I’m not advocating pointless class skipping. There are people who skip to do ‘shrooms or go skiing or sleep in and sure, that’s irresponsible (most of the time).

I’ve been very lucky in my school career to have very understanding teachers who have given me passes when I needed them, and the vast majority of professors here are happy to work with students on absences.

But they almost all also have attendance policies. Attendance policies have always seemed a frivolous thing.

It’s akin to those terribly misguided award ceremonies during elementary school where shiny ribbons or plaques were given out to all the kids who had perfect attendance for the year.

Congratulations, you didn’t catch the flu this year (or, if you did, what a trooper. Nice job coming in anyway and making half the class lose their chance at the award by spreading it around). An attendance policy in grade school makes sense because no one wants to go to school through junior high.

But we’re in college now. We’re paying the money, moving away from our homes, choosing careers that we (hopefully) have an interest in and we don’t need to be kept track of. We made our own decision.

If I’m paying upwards of $20,000 a year as an out-of-state student to take classes I shouldn’t be penalized for skipping one. I’m paying, that’s my choice. If I think I’m too sick to go to class, I shouldn’t have to worry about how many classes I’ve skipped. I should lie in bed and relax.

When you take away whole spans of someone’s grade (three skips and you’re dropped from an A to a B) the grade becomes pointless. It’s no longer an accurate representation of a student’s level of skill when it comes to that subject. Instead, it becomes an arbitrary letter representing some teacher’s opinion of how often her class should be missed.

What about someone who goes to all the tests and aces them, writes all the papers and brilliantly executes every one of them, gets all the assignments done on time and does them better than any one else in the class: The Perfect Student.

But wait.

“What’s this on my calendar? Seth missed class five times last month and didn’t give me a good reason. Well, see how the bastard likes it when he’s dropped down to a ‘C’.”

If the policy is to keep kids in class, then it’s no good. Those who want to skip will skip anyway and the students who are really interested in class will be there every day they can, adding to the class and getting good grades.

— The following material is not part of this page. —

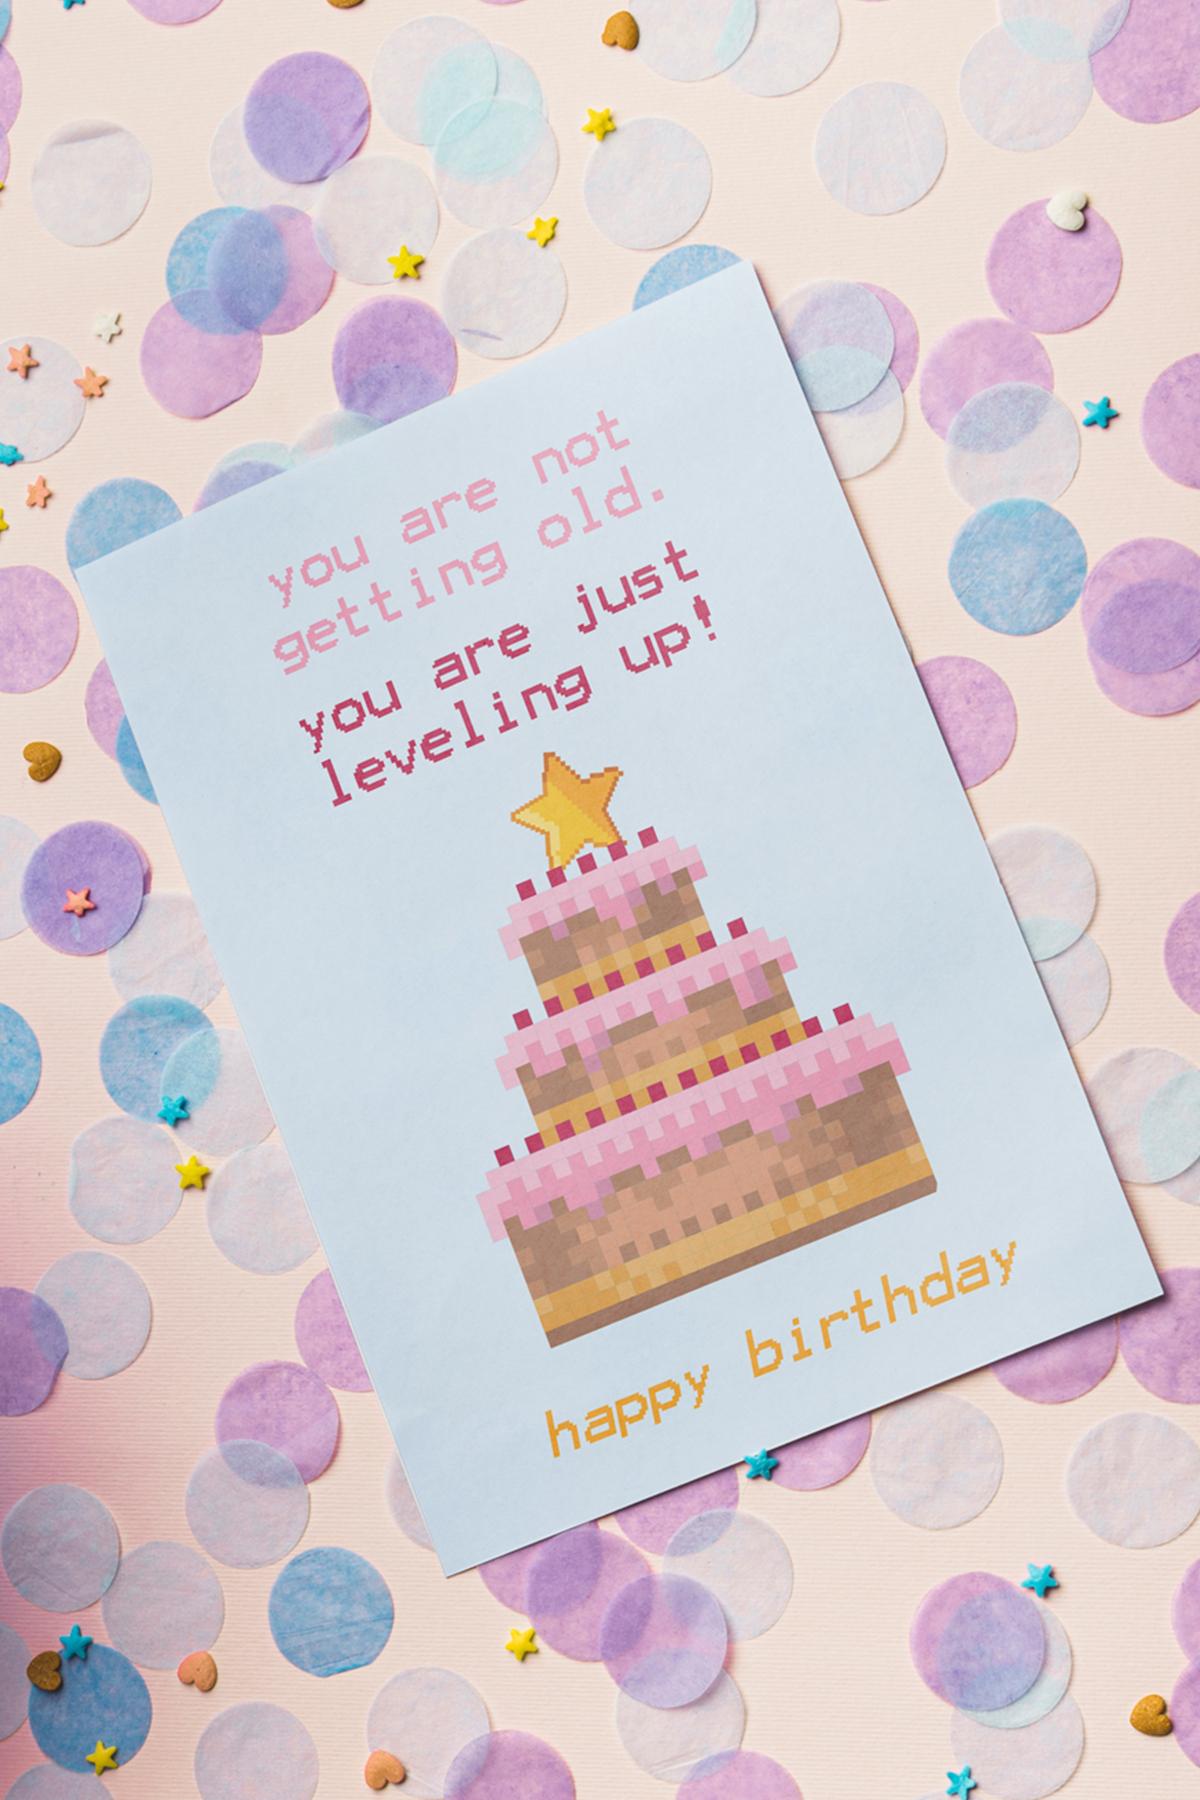 10 Coole Geburtstagskarten Zum Ausdrucken | Free Printable innen Geburtstagskarten Ausdrucken Kostenlos
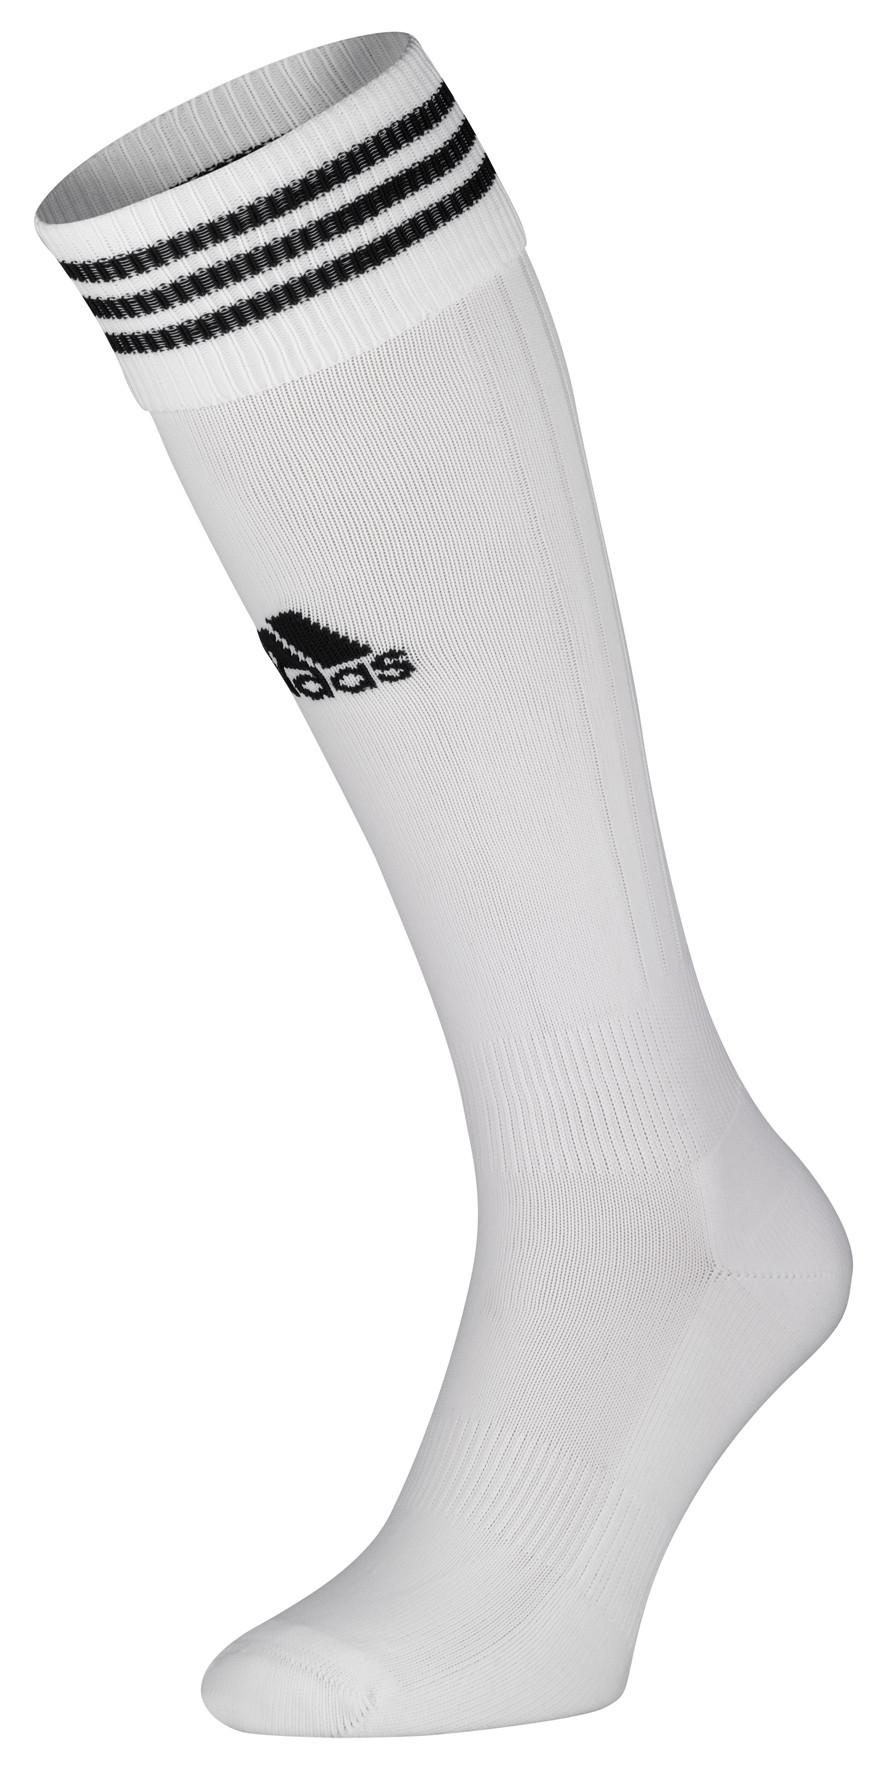 Adidas AdiSOCK White Black

Dock a kid for not participating, absolutely. Drop him from the class if he misses consecutive weeks. Best of all, talk to him and find out what’s going on and go from there but figure out some other way to evaluate a student apart from absences.

Just get rid of that little sentence on the syllabus that says “Attendance is mandatory.” and assume everyone knows that and evaluate them based on an individual basis.

We’re in college. We all know where we should be when class times rolls around.

We also have the ability to decide when we should be somewhere else.

Just don’t ask me come to class if I’m pukin’.